* Exercise details
Copy out every line of the data exactly; do not include the images.

* Information supplied
- - -

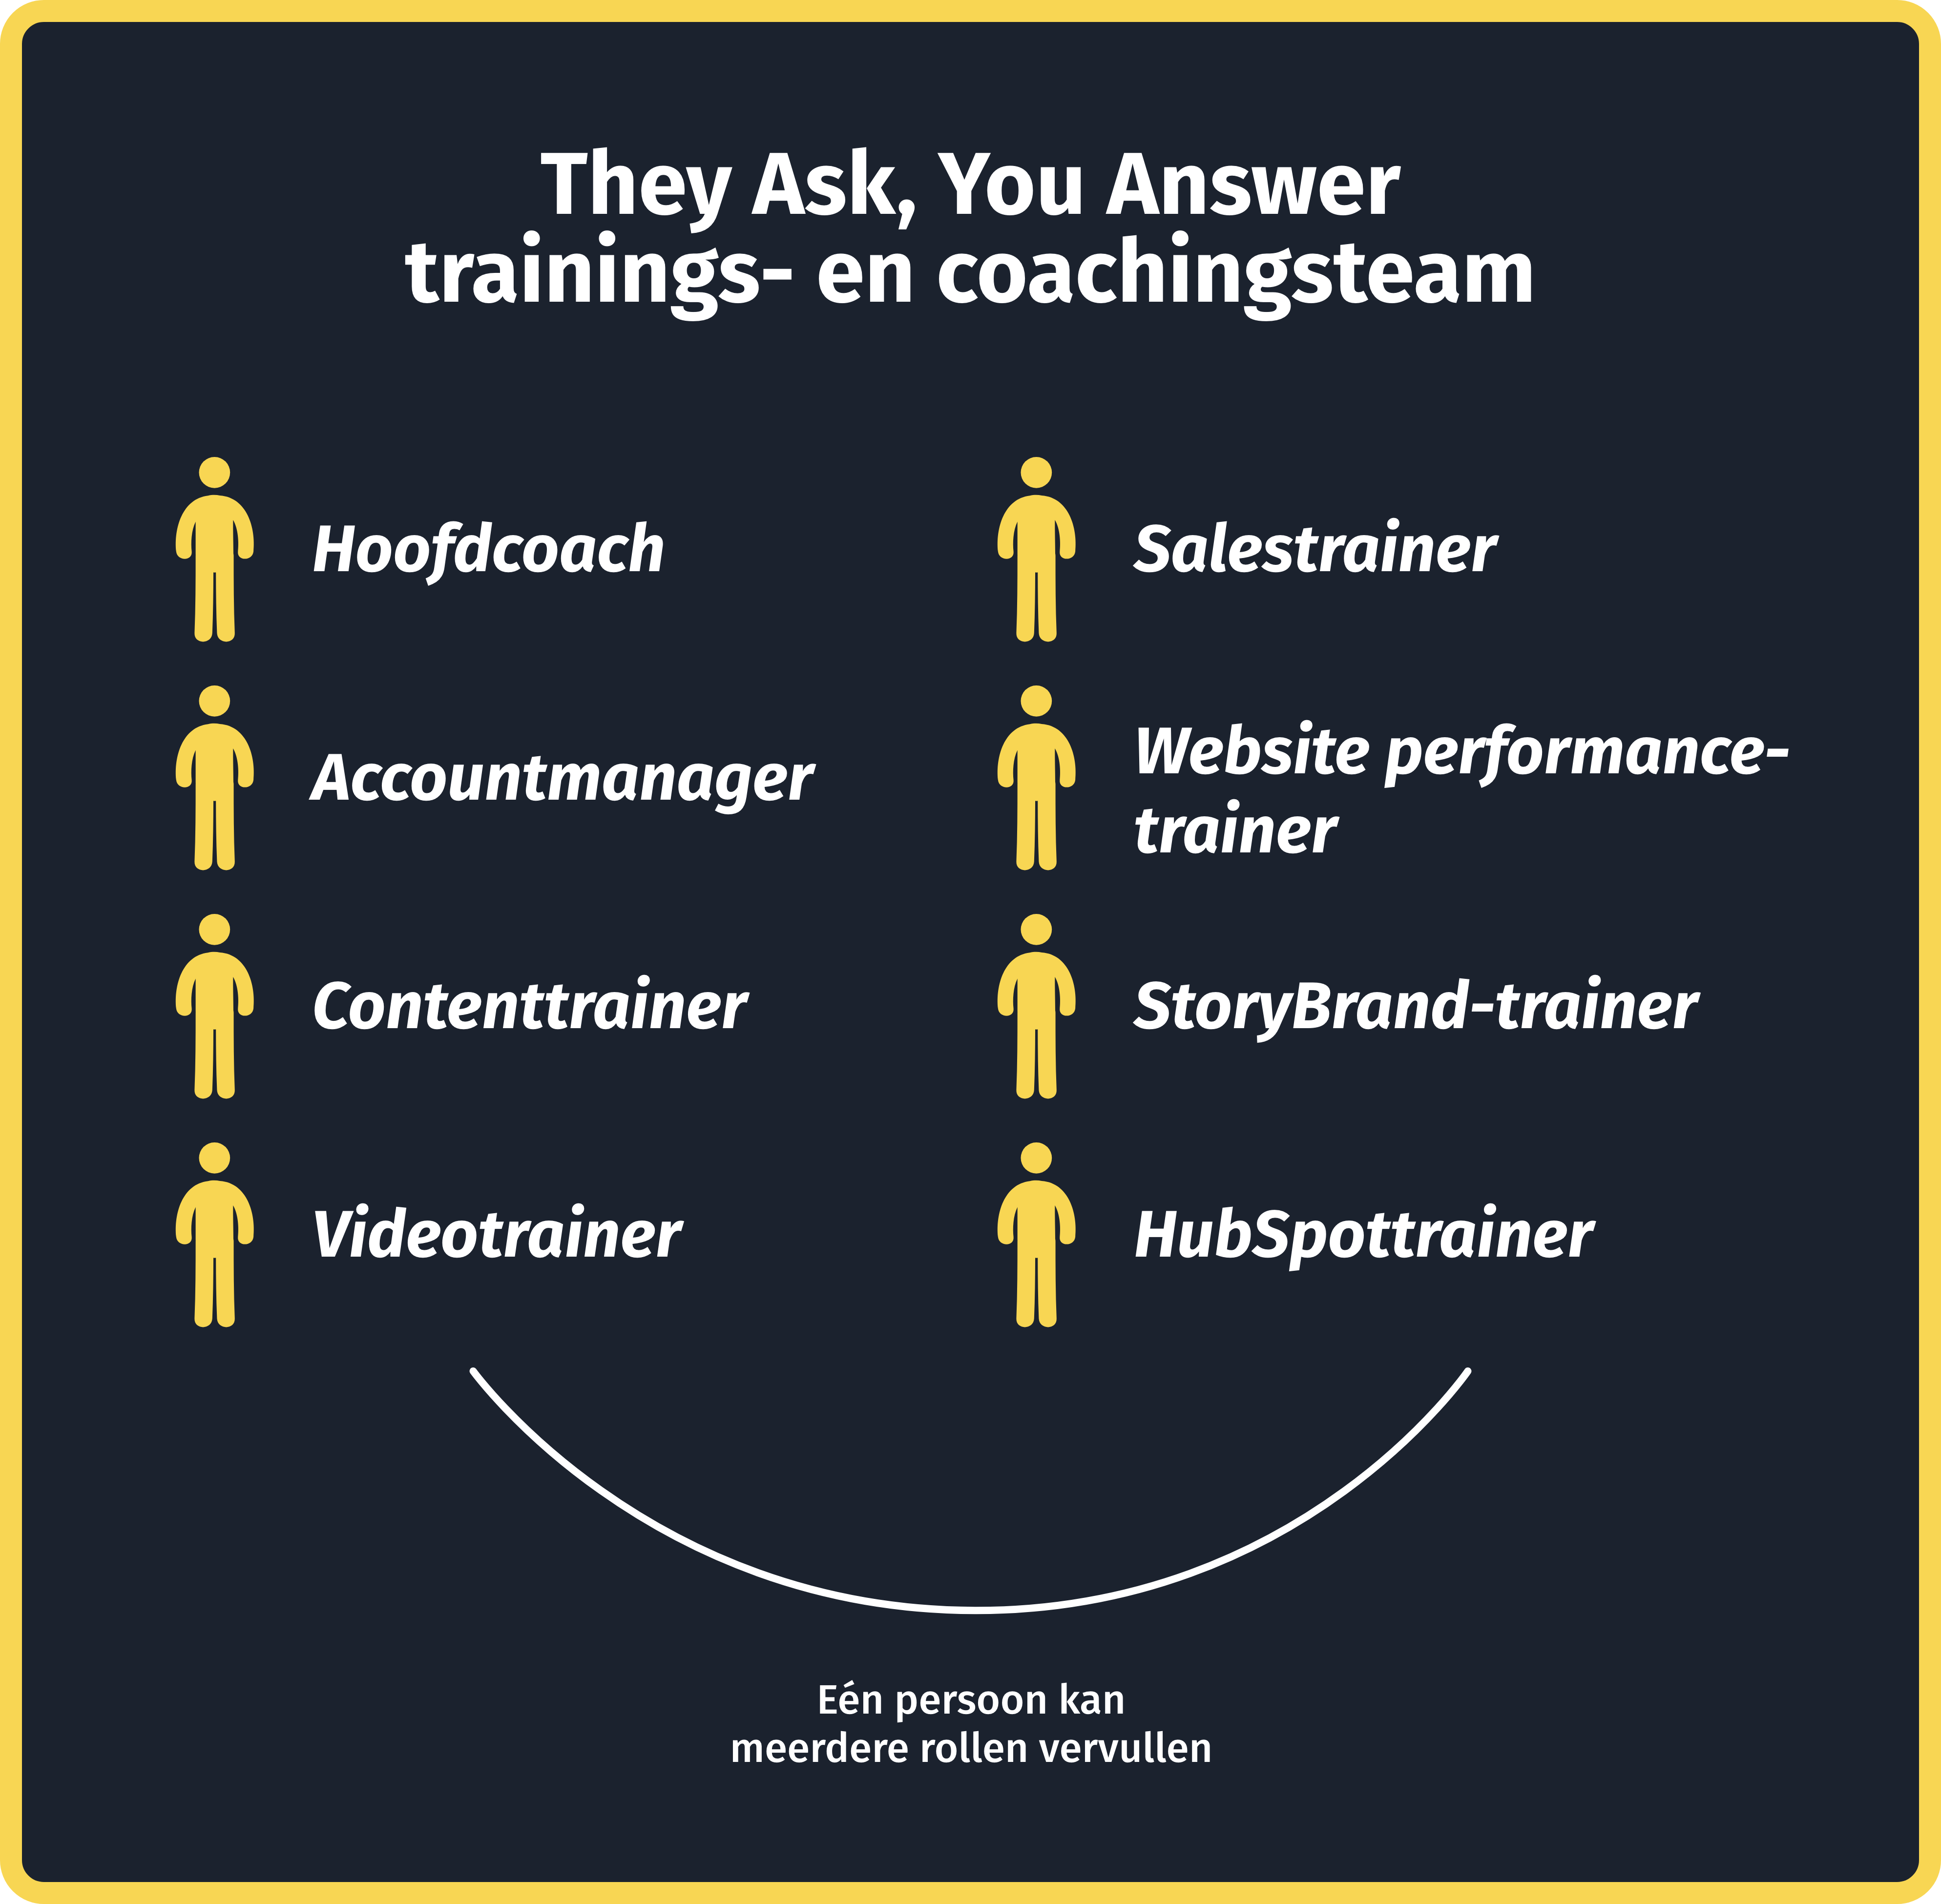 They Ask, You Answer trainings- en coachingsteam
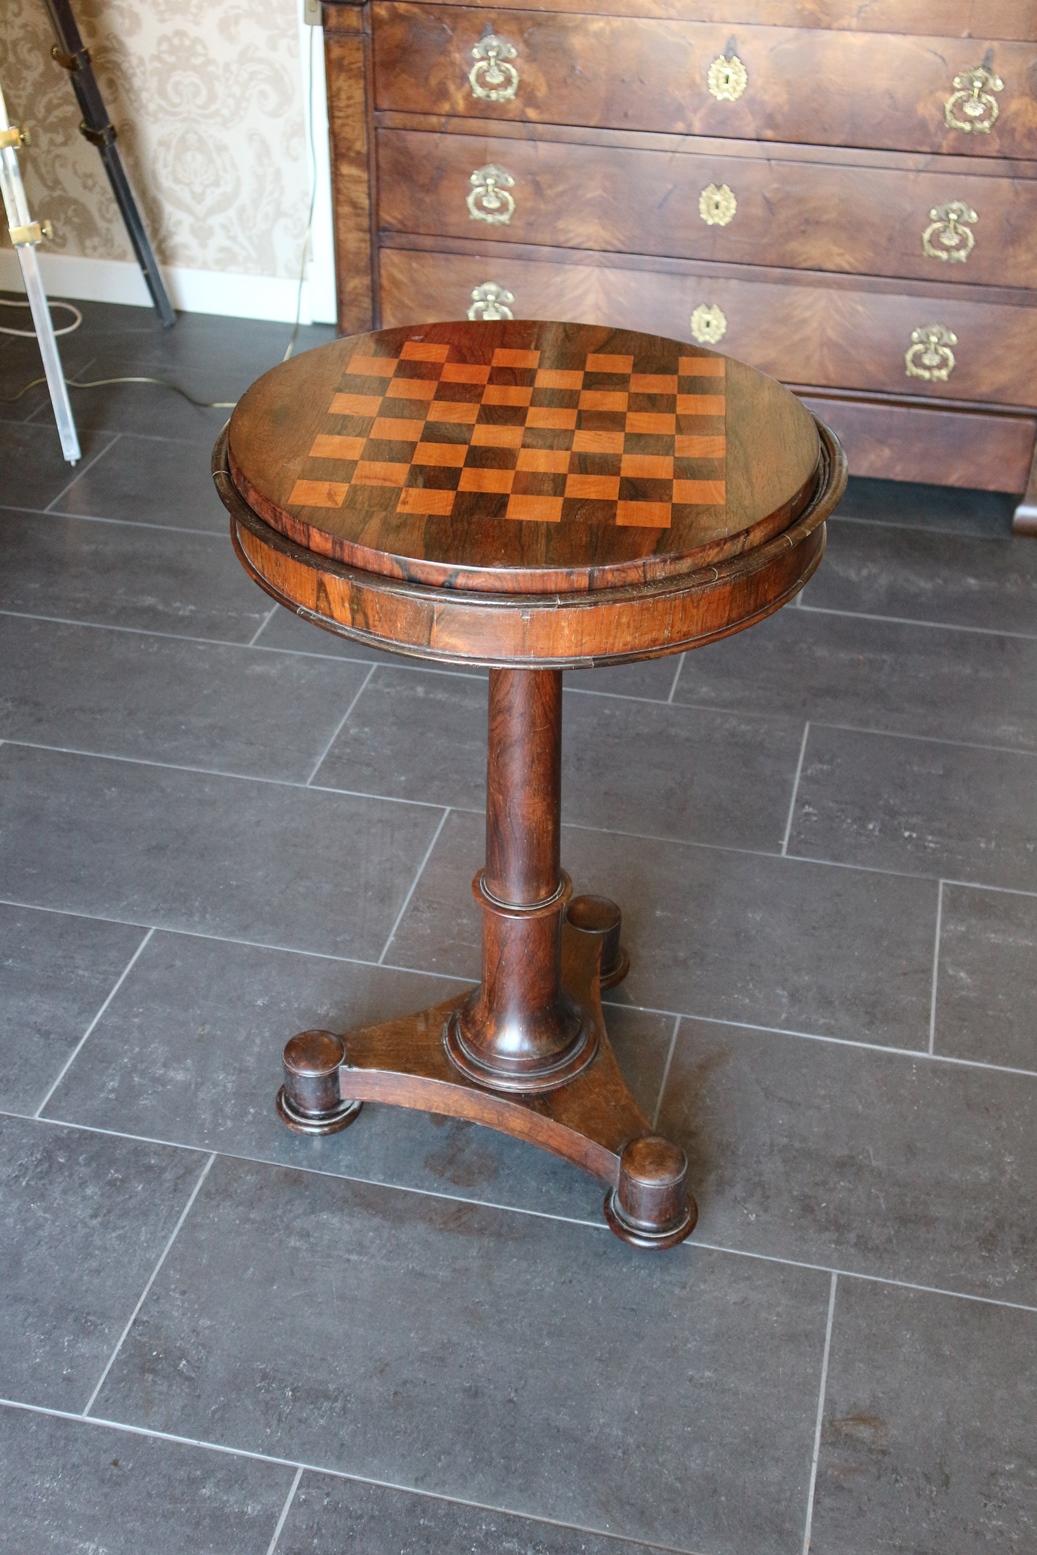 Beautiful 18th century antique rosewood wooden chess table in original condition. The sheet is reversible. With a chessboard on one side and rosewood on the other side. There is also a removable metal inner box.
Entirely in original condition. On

- - -

* Answer section
 They Ask, You Answer trainings- en coachingsteam
 Beautiful 18th century antique rosewood wooden chess table in original condition. The sheet is reversible. With a chessboard on one side and rosewood on the other side. There is also a removable metal inner box.
Entirely in original condition. On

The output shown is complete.